Aimée se levantó. En la semioscuridad vio por encima de ella la habitación acristalada, con una gran oquedad en uno de sus lados, y las manchas claras de las caras que miraban hacia abajo. Arrancó la astilla de su brazo y, cojeando, corrió tan deprisa como pudo hacia una zona oscura. Se adentró en un pasaje estrecho y desembocó en la calle mugrienta que pasaba por detrás del mercado. Recorrió una veintena de metros, tropezando con montones de cáscaras vacías. Giró y se adentró en otro de los pasajes abiertos entre los almacenes. En la oscuridad, se detuvo y se palpó. No tenía nada roto. El cristal le había hecho cortes poco profundos en los codos y en un lado de la cabeza. El cuero cabelludo le sangraba, así como la herida que le había hecho la astilla. Sin embargo, no perdía mucha sangre. Oyó el ruido de una carrera precipitada. Al final del pasaje en el que se encontraba pasaron dos siluetas a toda velocidad, jadeando aparatosamente. Más lejos se oyeron otros ruidos de carreras sobre el asfalto. Al cabo de un momento volvió a hacerse el silencio. Aimée seguía inmóvil. Casi había dejado de sangrar. Se masajeó el tobillo dolorido y el hombro.

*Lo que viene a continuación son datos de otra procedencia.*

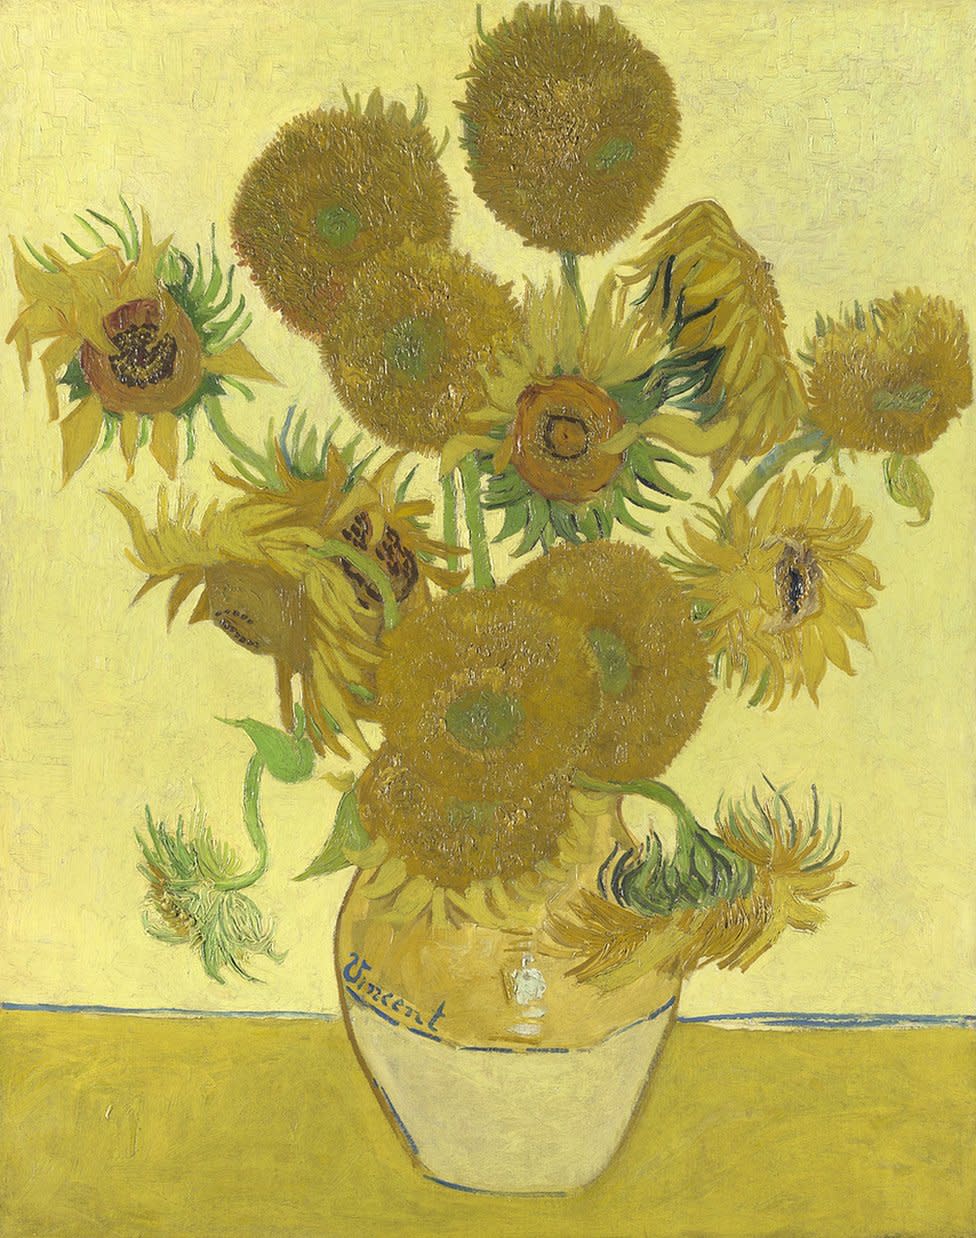 The National Gallery says it has exciting plans for one of its most popular and well-loved paintings, Van Gogh's Sunflowers (1888) as part of its celebrations

—¡Madame Joubert! —llamó Lorque.
Debía de estar a unos cincuenta metros de Aimée. No gritaba demasiado fuerte. Aimée tenía que aguzar el oído para entender lo que estaba diciendo.
—Sabemos que está ahí —le decía Lorque—. No puede salir de este sector. Tenemos vigiladas las dos salidas. Aún puede llegar a un acuerdo con nosotros.
La voz se desplazó; se alejó. Manifiestamente, Lorque no tenía ni idea de dónde estaba Aimée.
—No somos asesinos —siguió Lorque—. Es absolutamente necesario que lleguemos a un acuerdo. ¡Contésteme!
La voz continuó parlamentando unos instantes, cada vez con menor claridad. Aimée había dejado de escucharla y estaba ahora atenta a un ruido más cercano. Alguien avanzaba con precaución por la calle, aproximándose al extremo del pasaje. Aimée buscó a tientas por el suelo, con cuidado de que no la oyeran. Encontró y asió una concha vacía, una concha grande, semejante a una vieira. Doblada en dos, caminó hacia el final del pasaje. Repentinamente, la silueta del librero Rougneux se recortó contra la noche clara. Durante un momento permaneció frente al interior del pasaje oscuro. En su mano se encendió una linterna eléctrica cuyo haz apenas iluminó el pasaje.
—¡Aquí está! —gritó el hombre con voz aguda.
Dio un paso atrás. En el mismo momento, Aimée se irguió, dio tres pasos al frente y golpeó al hombre con la concha. Pese a que no estaba afilada, rebanó el cuello de Rougneux al primer asalto.